» **Required action**
Without copying the images, write out all the entries below verbatim.

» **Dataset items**

== Segment start ==

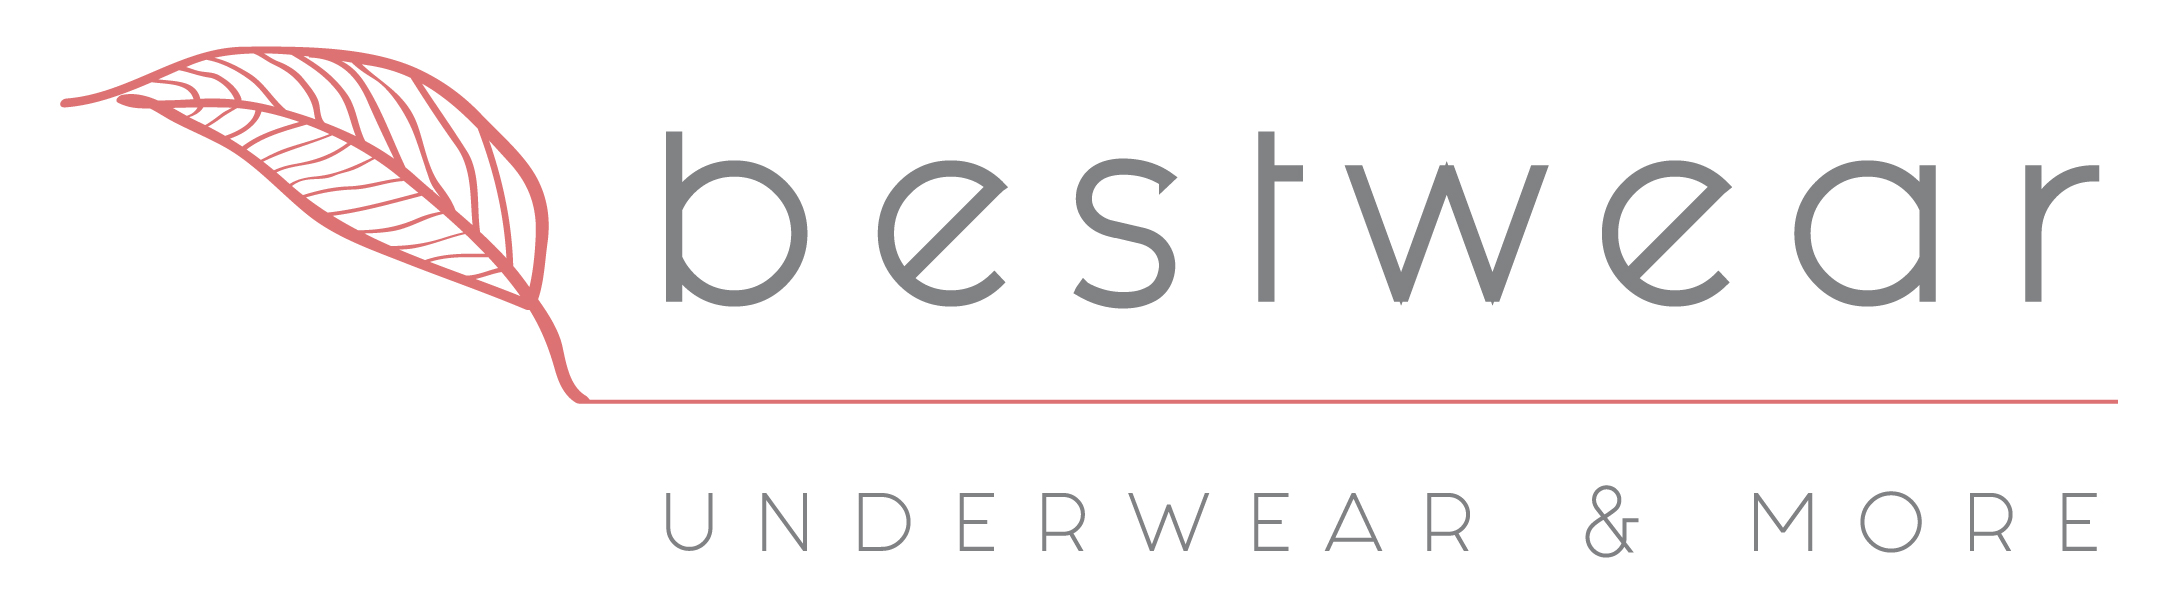 bestwear logo 27.06.18
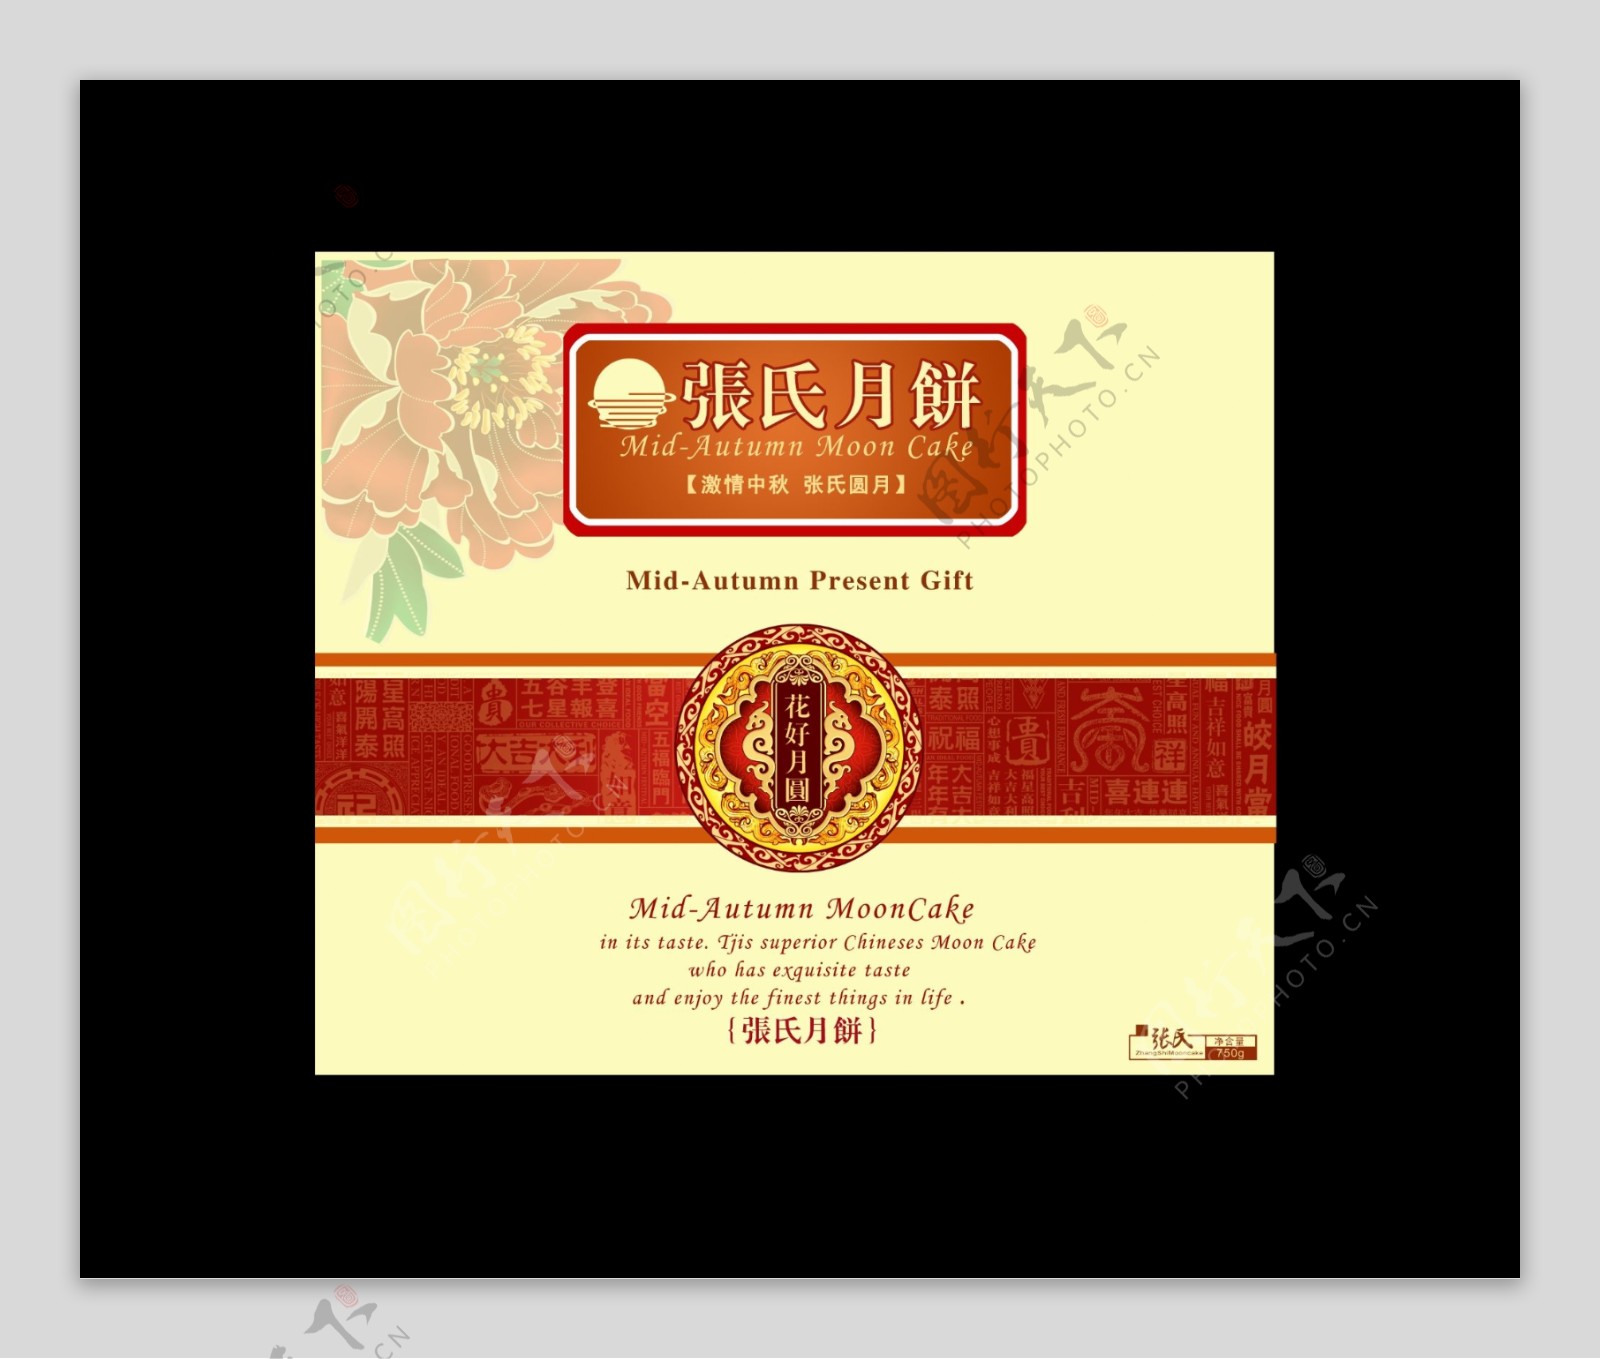 月饼包装中国包装系列
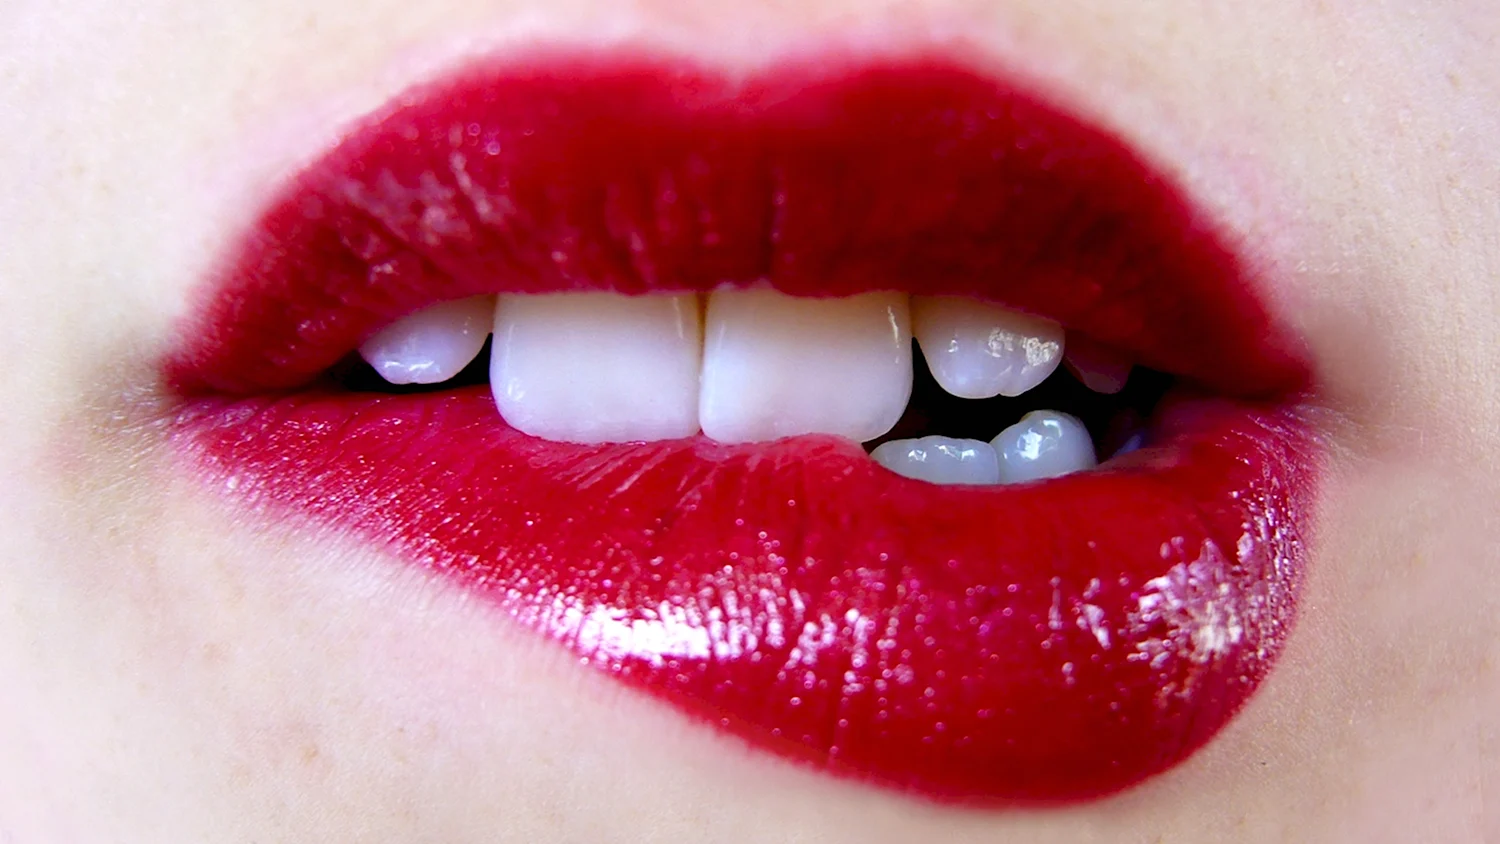 Красивые женские губы
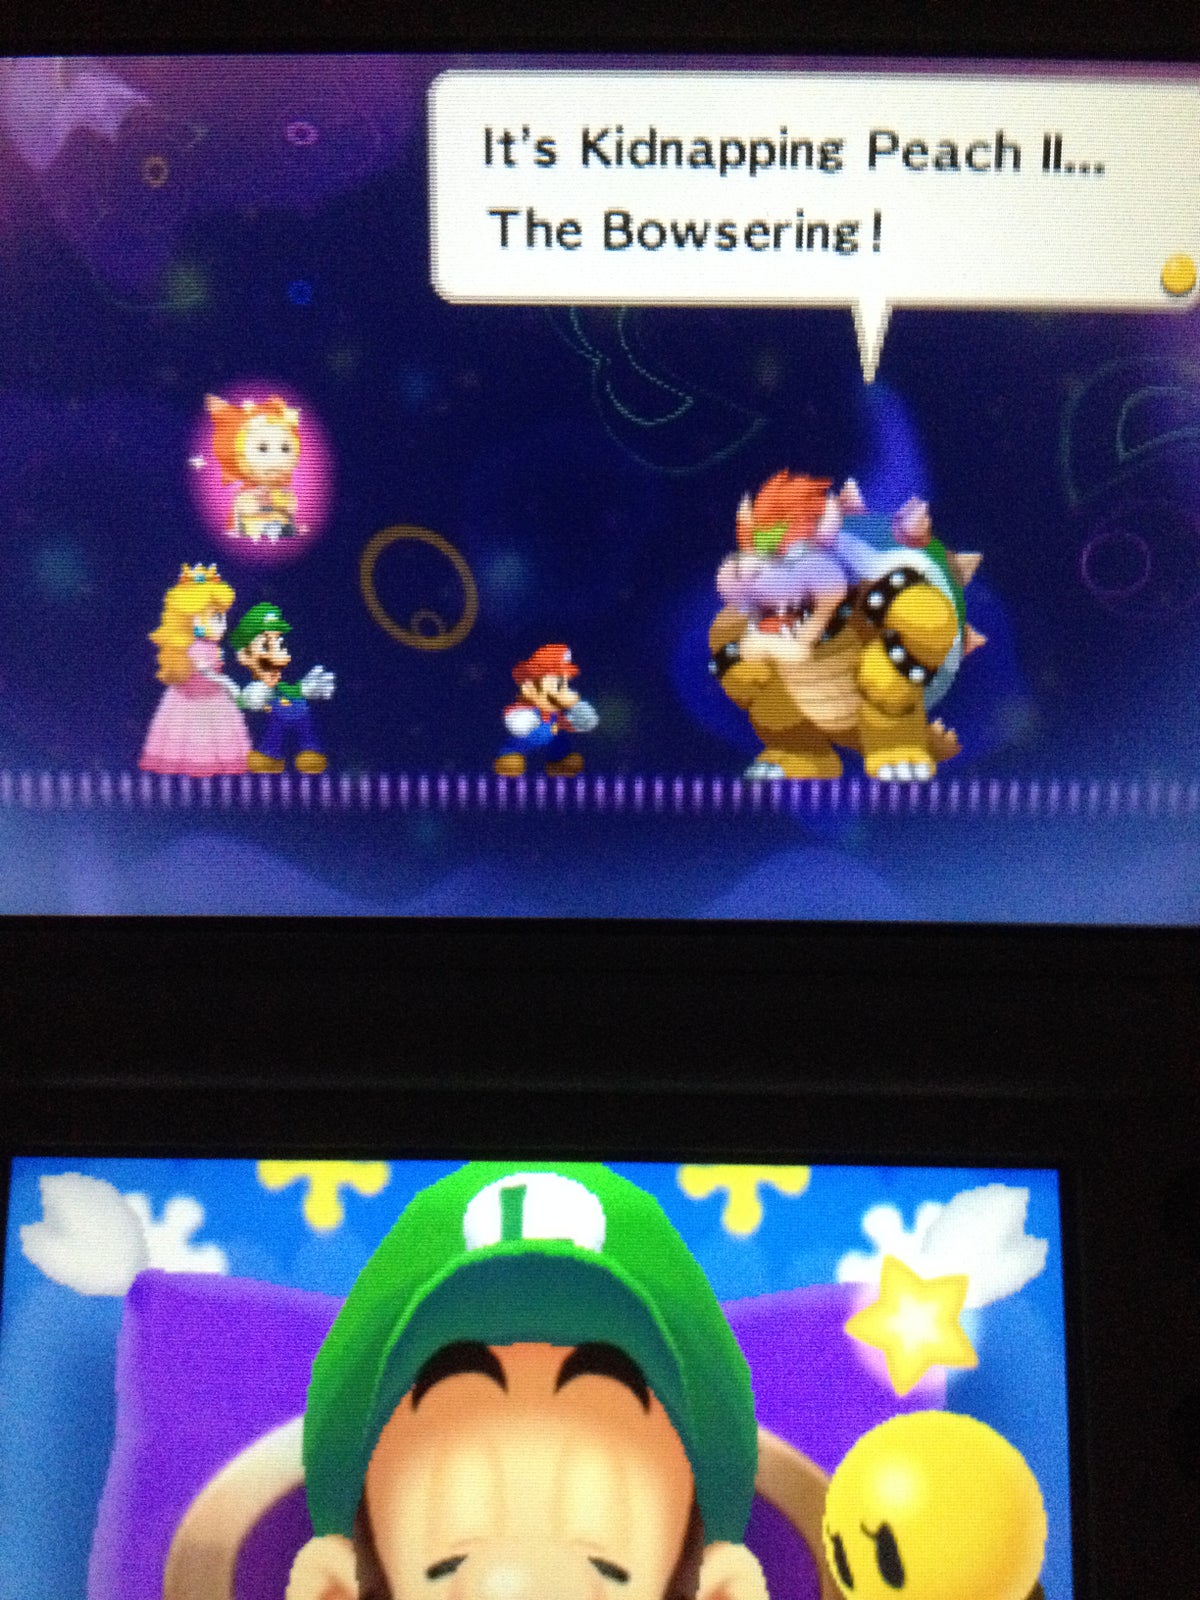 Mario Kart 7, Kirby, Yoshi
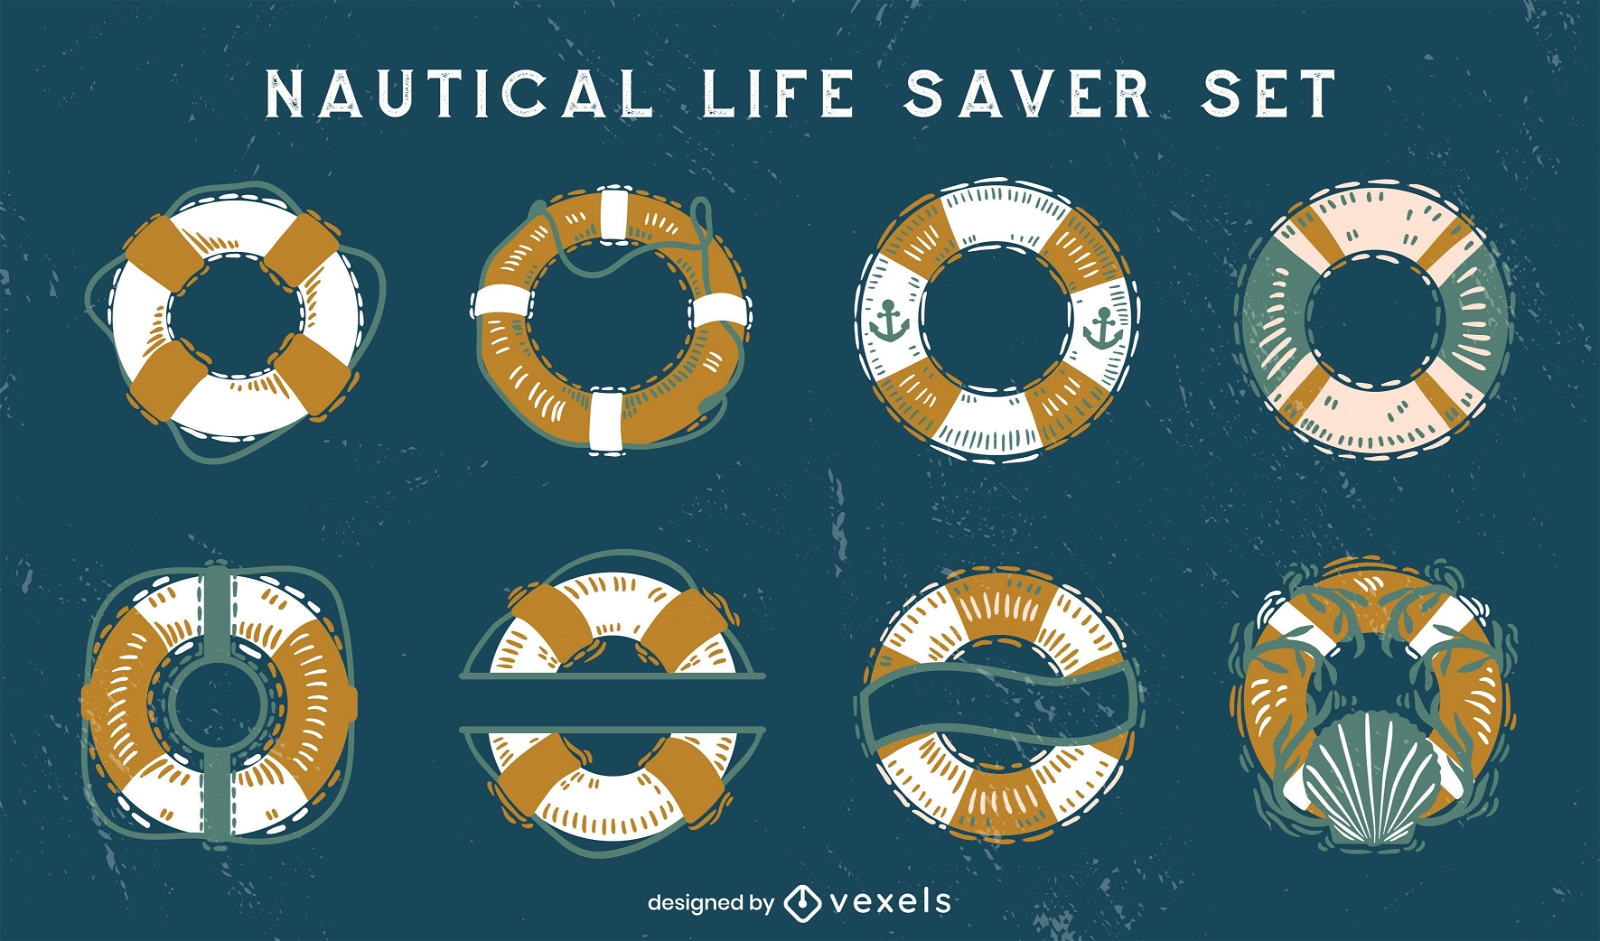 Nautical life savers

== Segment end ==

» **Output of the exercise**
 bestwear logo 27.06.18
 月饼包装中国包装系列
 Красивые женские губы
 Mario Kart 7, Kirby, Yoshi
 Nautical life savers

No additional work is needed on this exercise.